The first thing I noticed was the size and scope of the output
report produced. The full report was over 150 lines and included
several ASCII tables with statistics about the results (see Listing 3
for one example). Data for the previous and current runs are
available along with the difference, making it easy to track your
progress as you clean up your code. pylint identified almost all of
the same problems PyChecker did, and many it did not. The one warning
I see that PyChecker gave me that pylint did not is that my
module-level function uses an argument self but is not a method.

The first thing I noticed was the size and scope of the output
report produced.

Listing 3

 1
 2
 3
 4
 5
 6
 7
 8
 9
10
11
12
13
14
Messages by category
--------------------

+-----------+-------+---------+-----------+
|type       |number |previous |difference |
+===========+=======+=========+===========+
|convention |12     |NC       |NC         |
+-----------+-------+---------+-----------+
|refactor   |1      |NC       |NC         |
+-----------+-------+---------+-----------+
|warning    |16     |NC       |NC         |
+-----------+-------+---------+-----------+
|error      |1      |NC       |NC         |
+-----------+-------+---------+-----------+

An especially nice feature of pylint is that each check has an
assigned identifier, so it is easy to enable or disable that
particular warning in a consistent manner – no guessing about the
name to use in the config file. Simply specify –enable-msg or
–disable-msg and the message id. Given the sheer number of tests
performed by pylint, I can see that this consistency is going to be
key in setting it up in a meaningful way on any real project.

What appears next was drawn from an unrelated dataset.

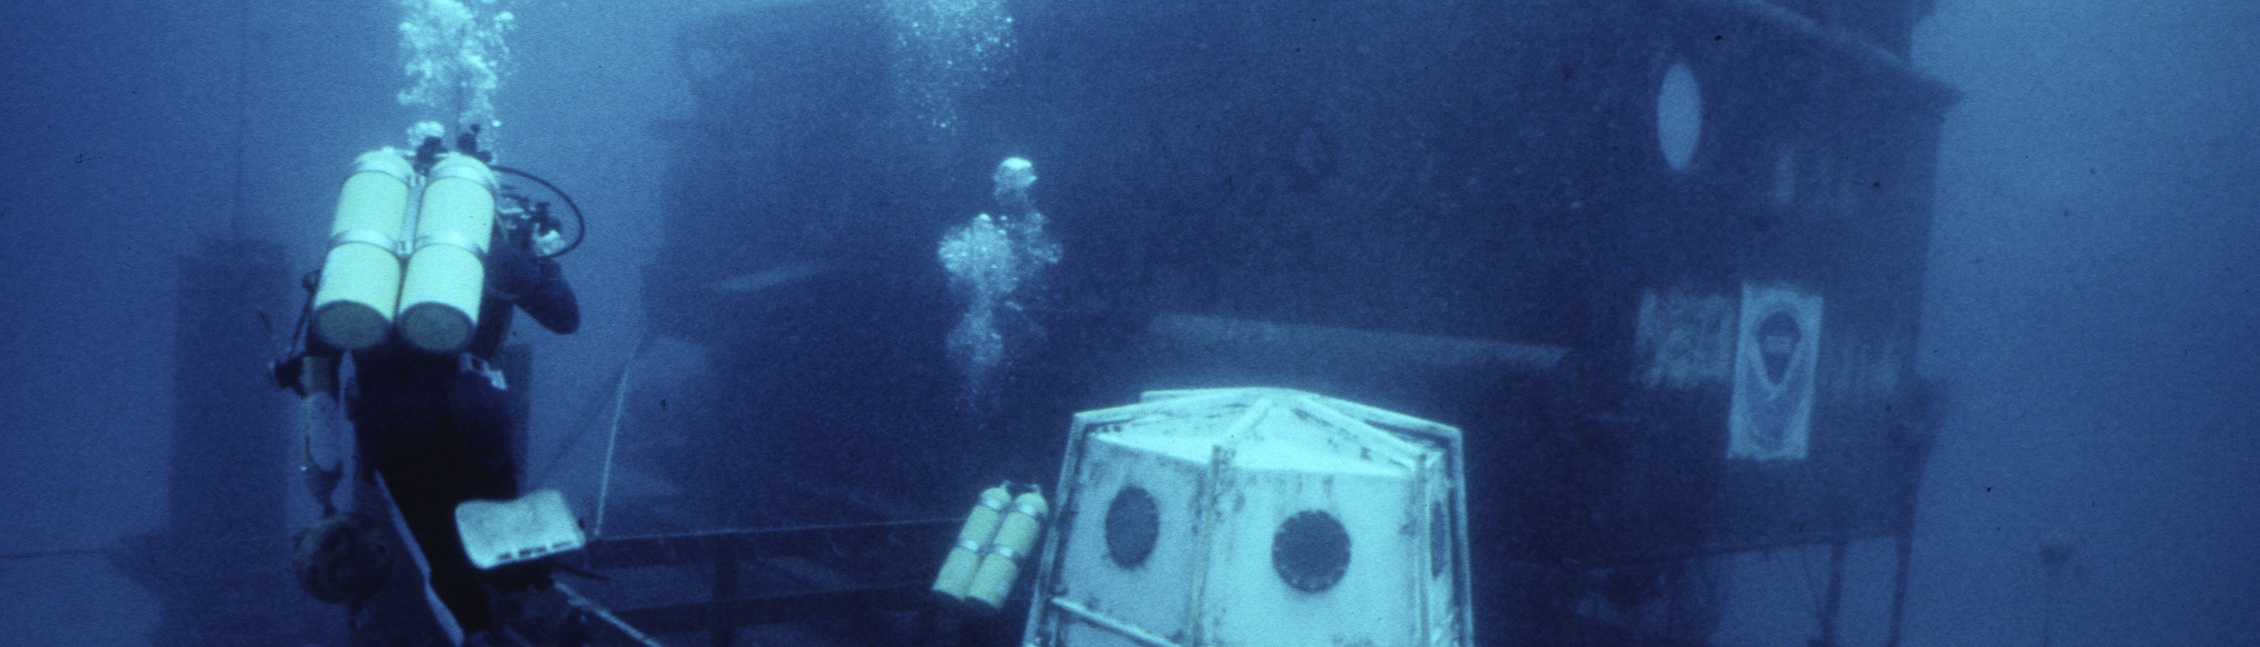 Binder 7: Hydrolab and St. Croix, 1978-1981

Since I approached this review with a jump-right-in attitude, all of
these impressions were formed before I had spent any time reading the
documentation delivered with the program, so that was my next step.
The docs provided cover a complete list of the different types of
warnings produced, how to enable/disable them and set other options,
interpret the report output, and all the other sorts of information
you need to really integrate the tool into your daily routine. There
are some holes, as you would expect from a work-in-progress, but the
basic information is there in more detail than for either of the other
projects.

In addition to enabling or disabling individual messages, there are a
wide range of command line options available for fine-grained control
over expectations for the tests performed. These range from regular
expressions to enforce naming conventions to various settings to watch
for “complexity” issues within classes and functions. It will be
interesting to see how those settings work out against some of my
older code.

As with PyChecker, pylint also supports setting options within your
source code and with a config file. Perhaps assuming a shared
development environment, it looks first in /etc/pylintrc and then
in $HOME/.pylintrc for settings. This lets a team install a
global configuration file on a development server, so everyone sees
the same options. To print the settings being used, use the
–generate-rcfile option. The output includes comments for each
option, so saving it to a file makes it easy for you start customizing
it to create your own specialized config file.

PyFlakes

The last program I examined was PyFlakes from divmod.org. The
installation process for PyFlakes was the easiest of the three. After
a quick “easy_install PyFlakes”, I was up and running (yay!). The
experience after that was a bit of a letdown, though:

$ pyflakes Listing1.py
Listing1.py:6: 'string' imported but unused

It found almost none of the errors I was hoping it would identify.
The PyFlakes web site says there are two categories of errors
reported:

  • Names which are used but not defined or used before they are defined
  • Names which are redefined without having been used

In the case of this sample file, there are several unused names that
weren’t reported.

PyFlakes is much simpler than either pylint or PyChecker. There don’t
seem to be any command line options for controlling the tests that are
run. Running it with arguments that don’t refer to valid filenames
results in a traceback and error message.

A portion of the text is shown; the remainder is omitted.